Another month, another fortnight even, of such punishing effort and Odolghes might have had a rebellion on his hands. Or hand. Our people were intrigued by him, were lured by the promises he made, but the old habit of mockery had left its trace and they weren’t quite prepared to follow him yet, not the way they had followed my grandfather before the toothache – right or wrong, thick or thin. A state of affairs which Tusky, sapping away like a mole - a dig here, a tunnel there – was quick to exploit. I caught him more than once spreading grumbles, calling Odolghes ‘the half-man’ and accusing him, on account of his disability, of doing only half the amount of work. ‘Yet he eats twice as much as you and me,’ he went on each time, giving his listener a double prod in the belly so that the reckoning would be clear. ‘And he is twice as big. Remember we used to call him Cuckoo-pate? Well, that’s what he is: a cuckoo, a great idle cuckoo in our nest, growing fat while we little birds slave to do his bidding. Where’s all the gold he promised us, eh? Where’s the food? Where’s the perks?’
Still inside the stone, would have been Odolghes’s answer. Work, have faith, have patience, and you will see. And luckily, before Tusky’s grumbles had any real effect, see we did. With all the work offers, the Miners who had left began to come back. First in drips, then in a trickle, then in a steady flow – at least two families a day. They came back thin as sticks, and in filthy tempers, but more workers meant shorter shifts, and we gradually found ourselves with time for other sorts of jobs which hadn’t been done in a long, long while, like rubbish carting and de-fleaing the dogs and mending clothes. The camp began to look smarter as a result, so did we. Perhaps this gave us confidence, bargaining power, because we began to up our prices and be a little bit choosier about the contracts we accepted. I can remember the first time Odolghes actually turned down a customer, hunching up his unlevel shoulders and striding away from the man – I think he was a Trusani – telling him we wouldn’t even dig for wurzels on those terms. And I remember too how the man, after a moment’s surprise, began hurrying after Odolghes, insisting and coaxing and offering higher and higher payment, almost with every step. It was strange, like seeing an almsgiver and a beggar suddenly change places, or a mouse suddenly begin to eat the cat that has caught it.

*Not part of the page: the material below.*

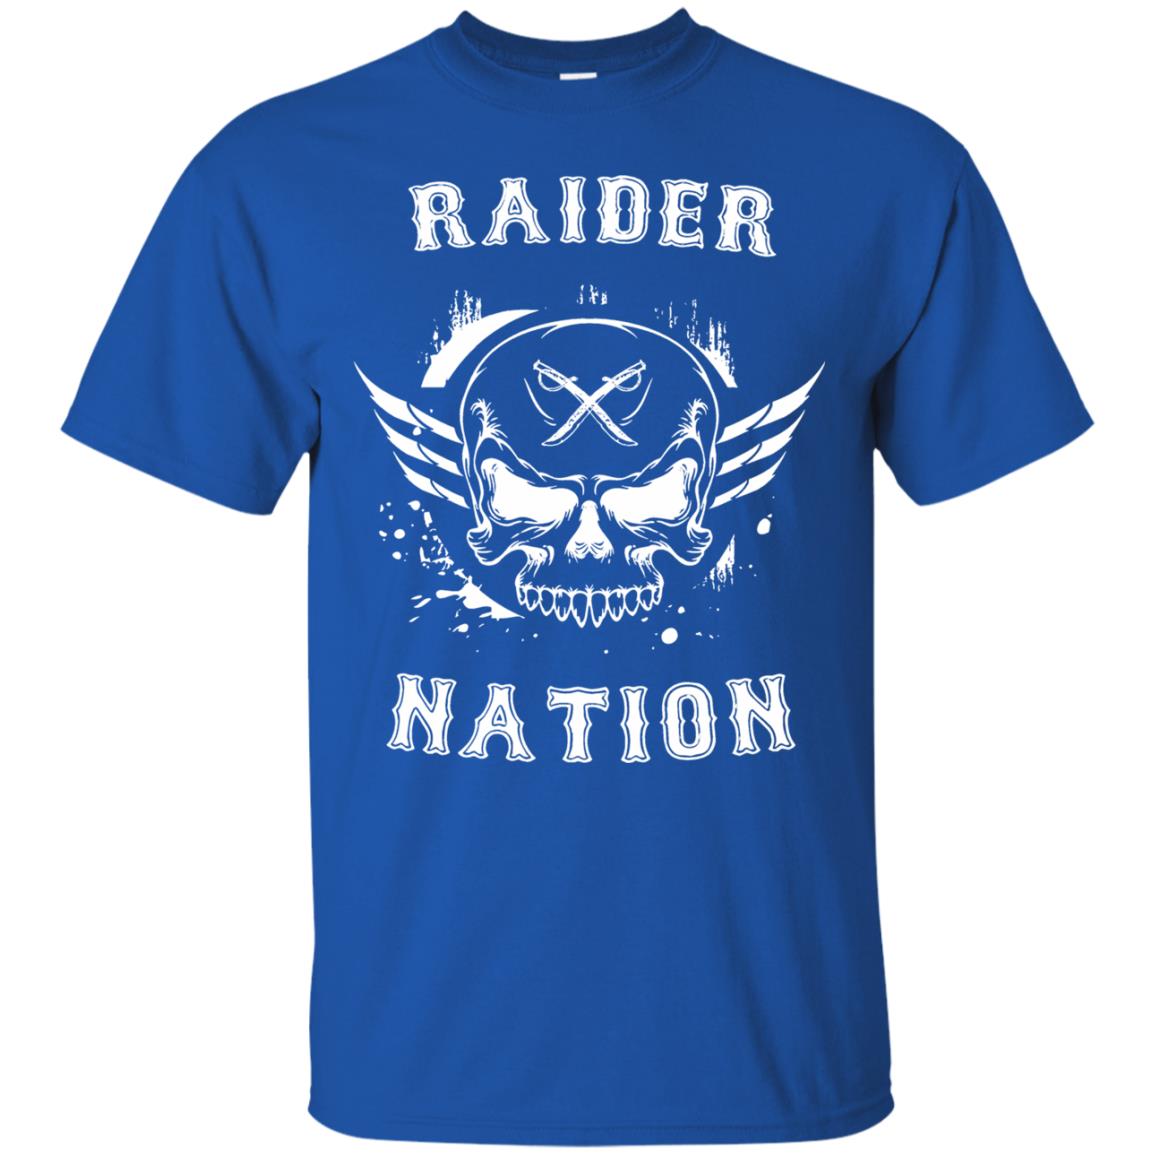 raider nations t shirt - royal blue

I have been rich and then poor, and happy and then sad, enough times to know that the two highs and the two lows don’t necessarily go together, but the period that now began for us brought a kind of upward thrust of its own which it was difficult to resist. I felt like a noodle in a pot: obliged to come to the surface by the force of the bubbles. Even the thought of my mother, which troubled me often, especially at nights, couldn’t keep me down for long. And the same went for Odolghes and indeed all of us, with the sole exception of Tusky, who continued to grumble even where there was next to nothing to grumble about.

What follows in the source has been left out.